What if my Oakland PI Jeri Howard found a footlocker full of old bones in that house?

As Jeri says in Chapter 1, “I had a feeling this old house had secrets, lots of them.”

The title was always The Things We Keep. Because in life, as in fiction, the things people keep often reveal a lot about them, and the past.

As Jeri investigates any of the cases put to her, she sifts through the tangibles and intangibles that accompany people through life. In Bit Player, an earlier book in the series, Jeri found clues by reading letters that her grandmother wrote.

Now, in The Things We Keep, the bones that Jeri finds are tangibles, along with other items inside the footlocker. DNA and dental records may provide answers, but those are the purview of the police and Jeri has no control over if and when. But discovers clues in other ways. Old newspaper articles accessed online add flesh to the bones. Jeri also finds resources in property records, as well as internet archives and databases.

At one point she searches the California Department of Justice Missing Persons database:

The faces of the missing stared back at me. So many people, their lives and those of their families interrupted. Birthdays and anniversaries uncelebrated, questions unanswered.

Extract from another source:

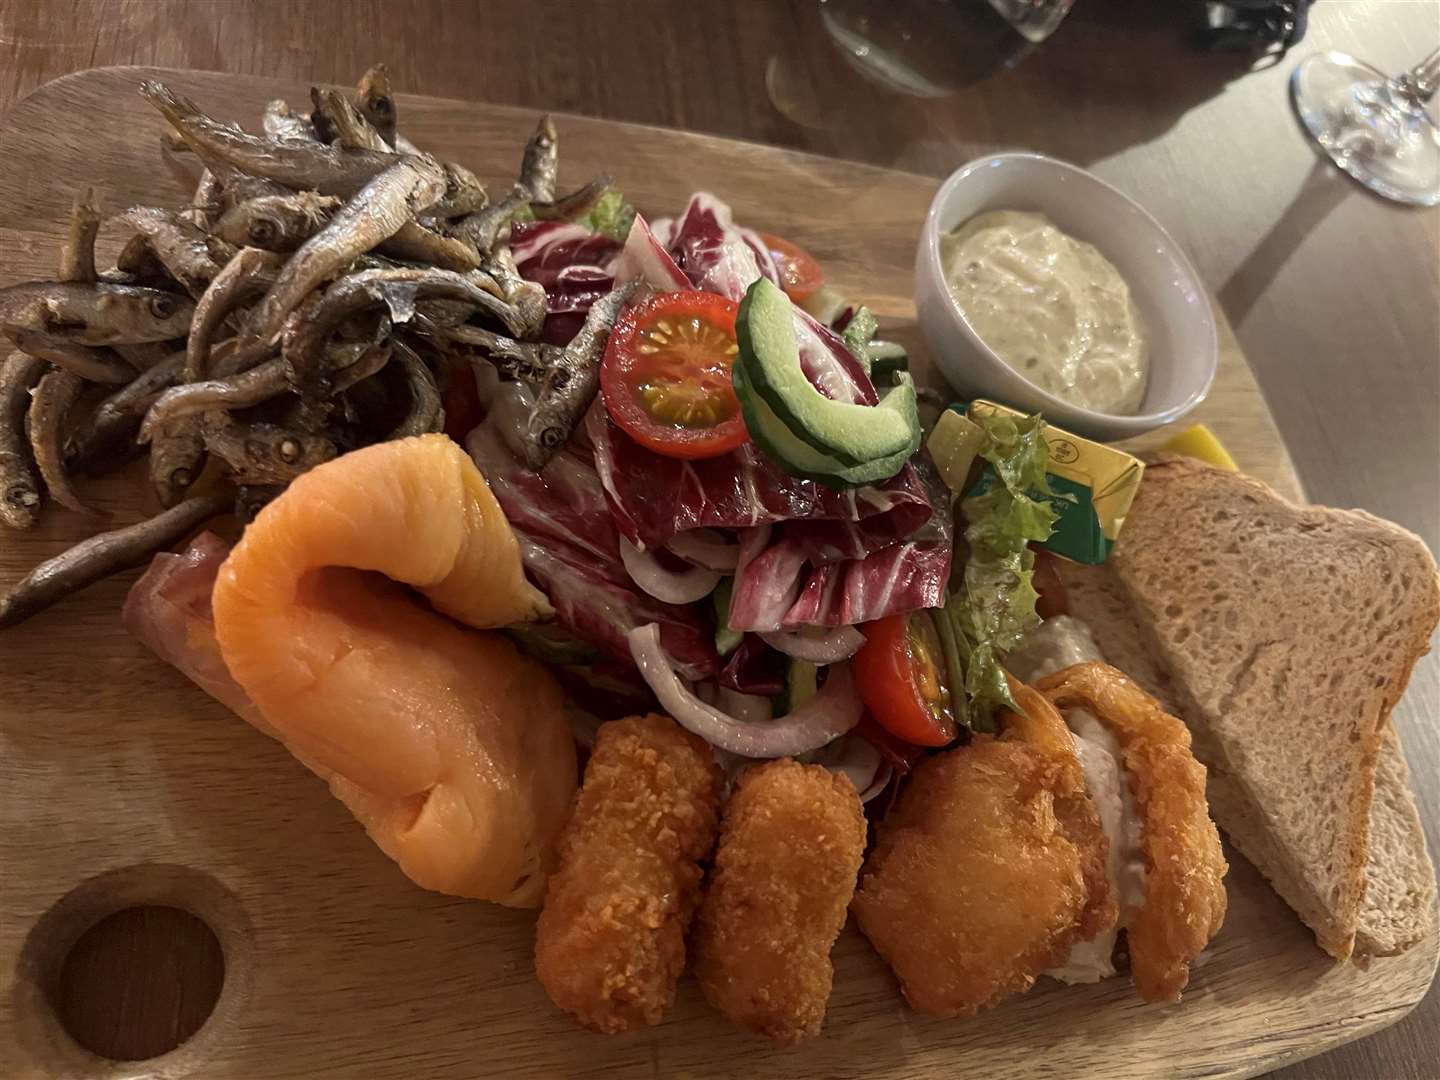 Shane's fish platter including scampi, smoked salmon, breaded butterfly king prawns, whitebait, mackerel pate, tartare sauce, rye bread and mixed house salad (£13.95)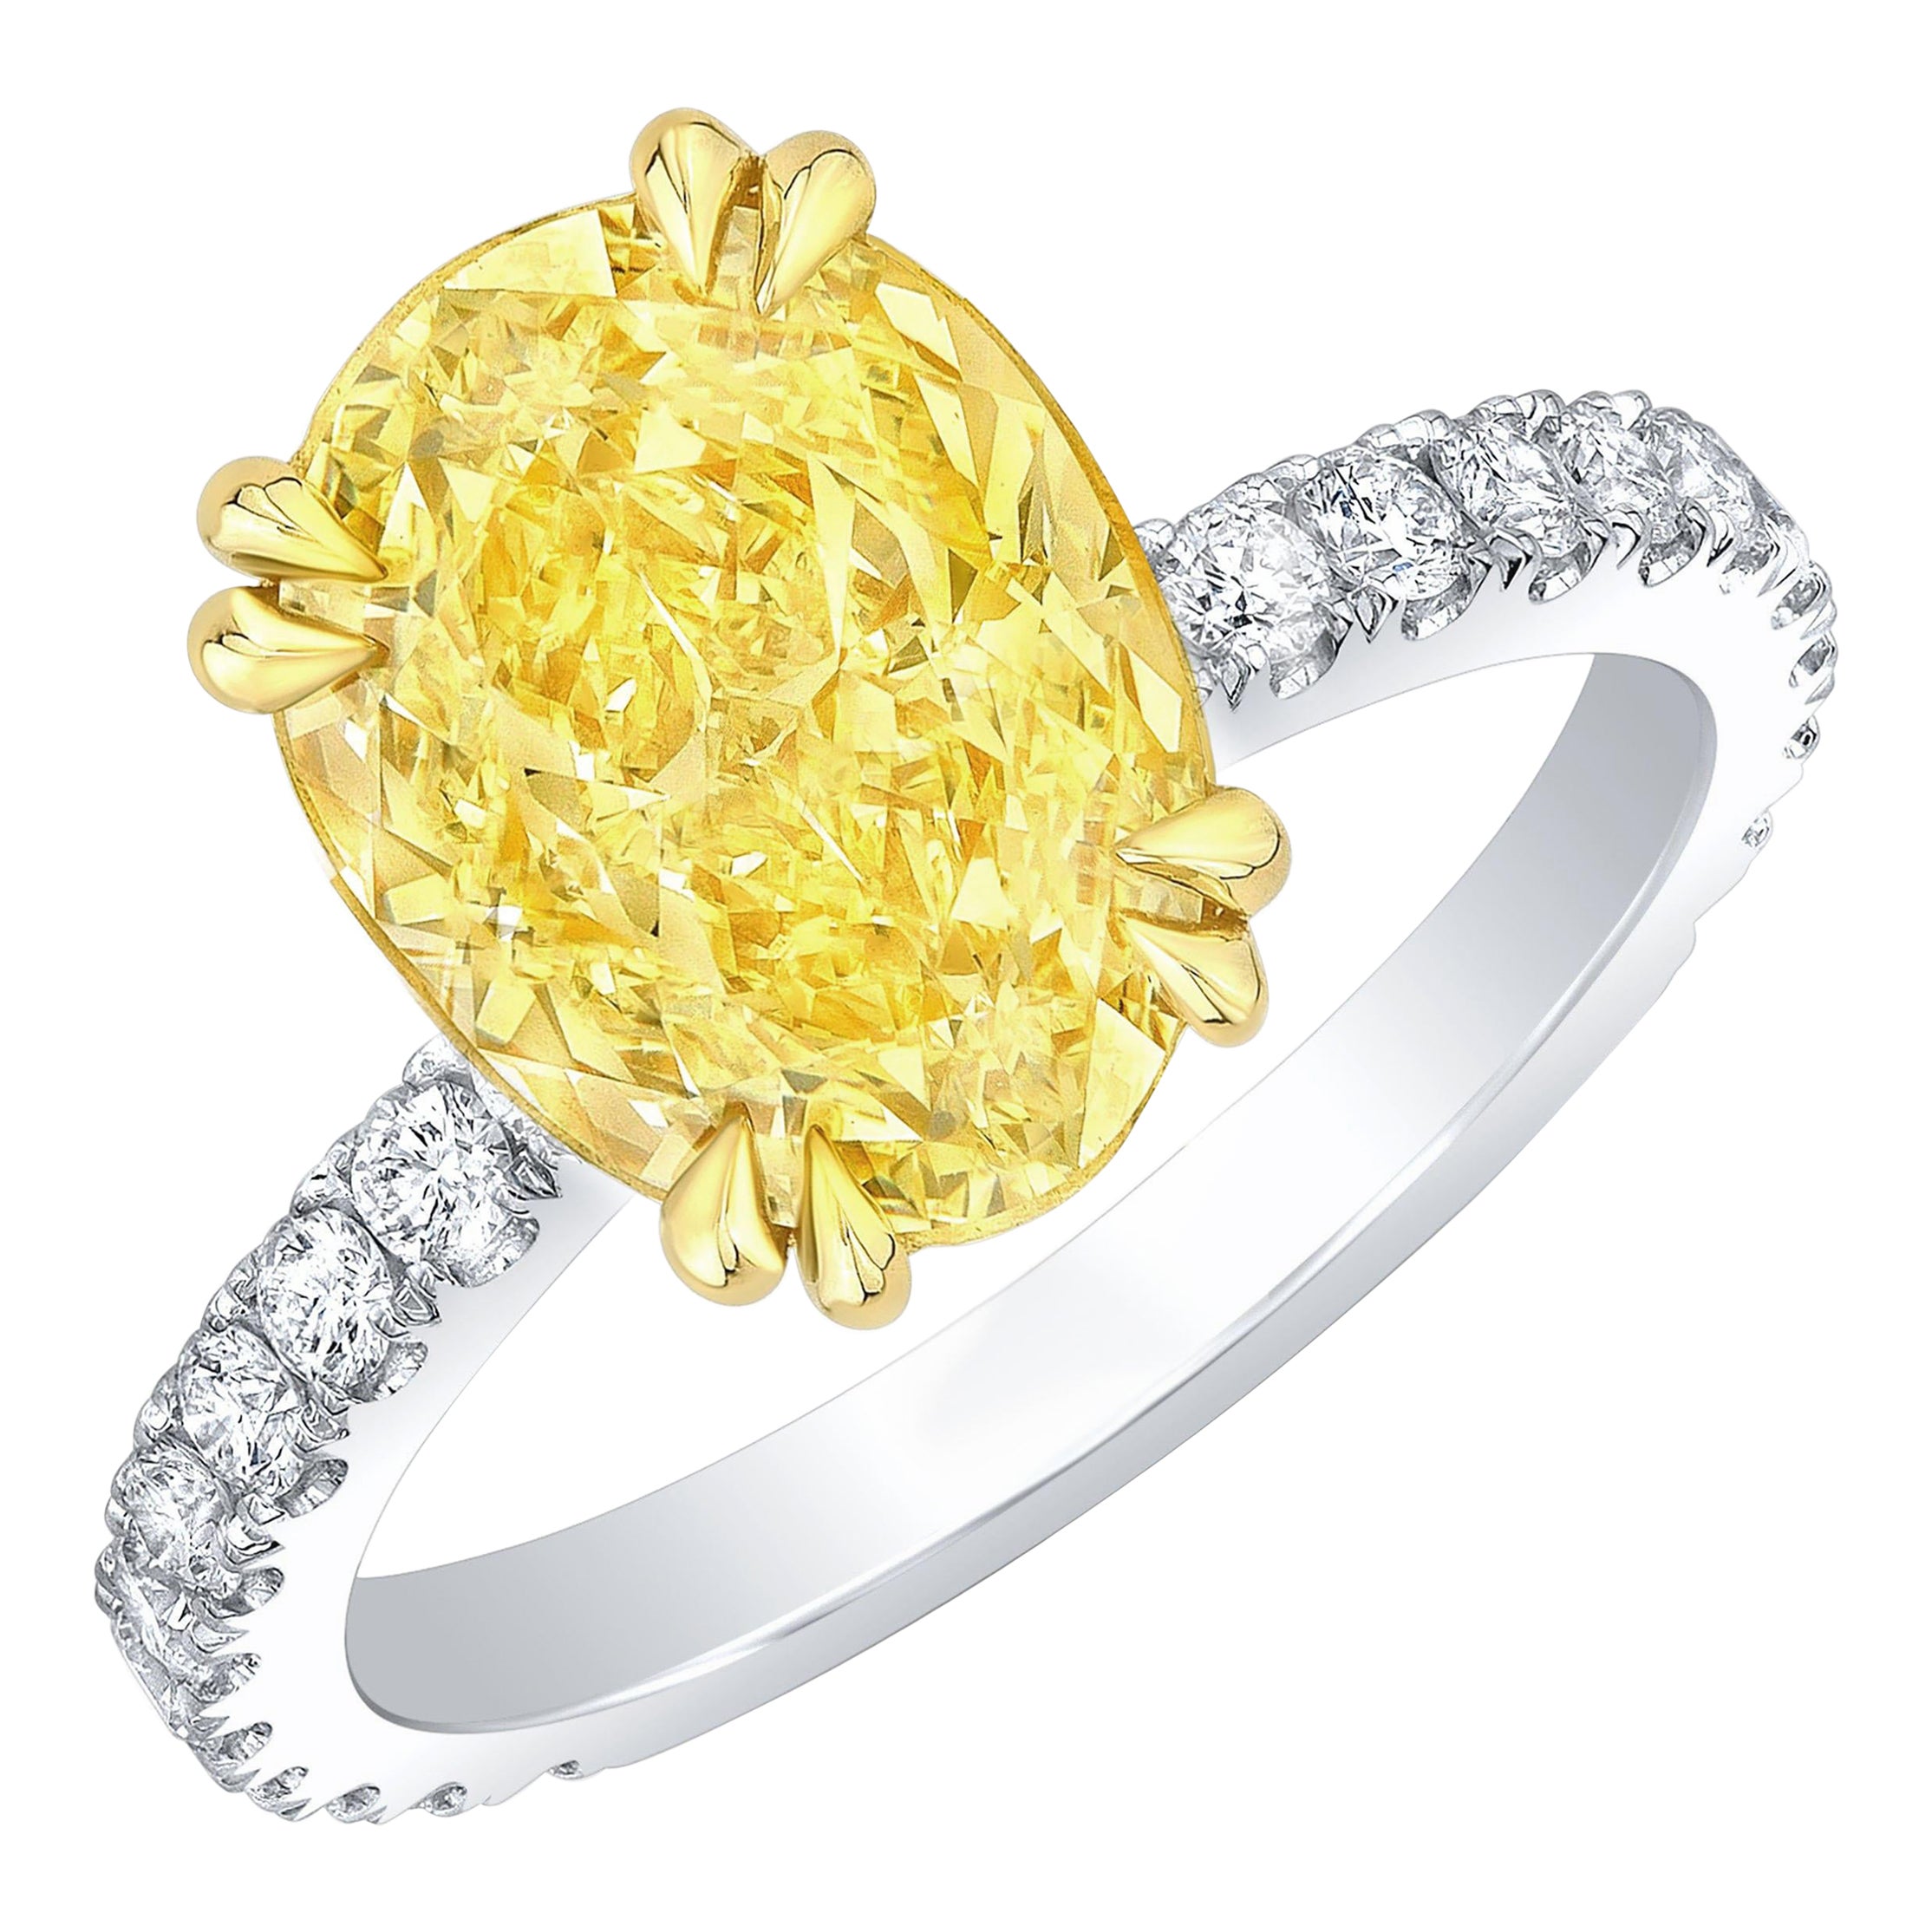 2.70 Carat Canary Fancy Light Yellow Oval Hidden Halo Engagement Ring VS1 GIA For Sale

The photographs were displayed on the web page – children, teenagers, young adults, older people, male and female, of all ethnic groups. In some cases there were multiple photos, some of those computer-generated to show what the person would look like now.

Photographs are indeed an important element of Jeri’s investigation. She talks with a woman who has a box of photos, hoping that the images will provide clues:

“I keep telling myself I should have this stuff digitized, but I haven’t yet. It was a long time ago. A lot of these snapshots are so faded you can barely see who’s in them.”

She removed the lid and took out several smaller envelopes that held photos and negatives, the kind you’d receive when you had a roll of film developed, back before the digital age.

Those are the tangibles. The intangibles are peoples’ memories, which are often selective and incomplete, colored by their own experiences.

There are many versions of the truth and Jeri must determine which story has the most veracity. The things that people have kept over the years will ultimately lead her to the resolution of this case that stretches back decades.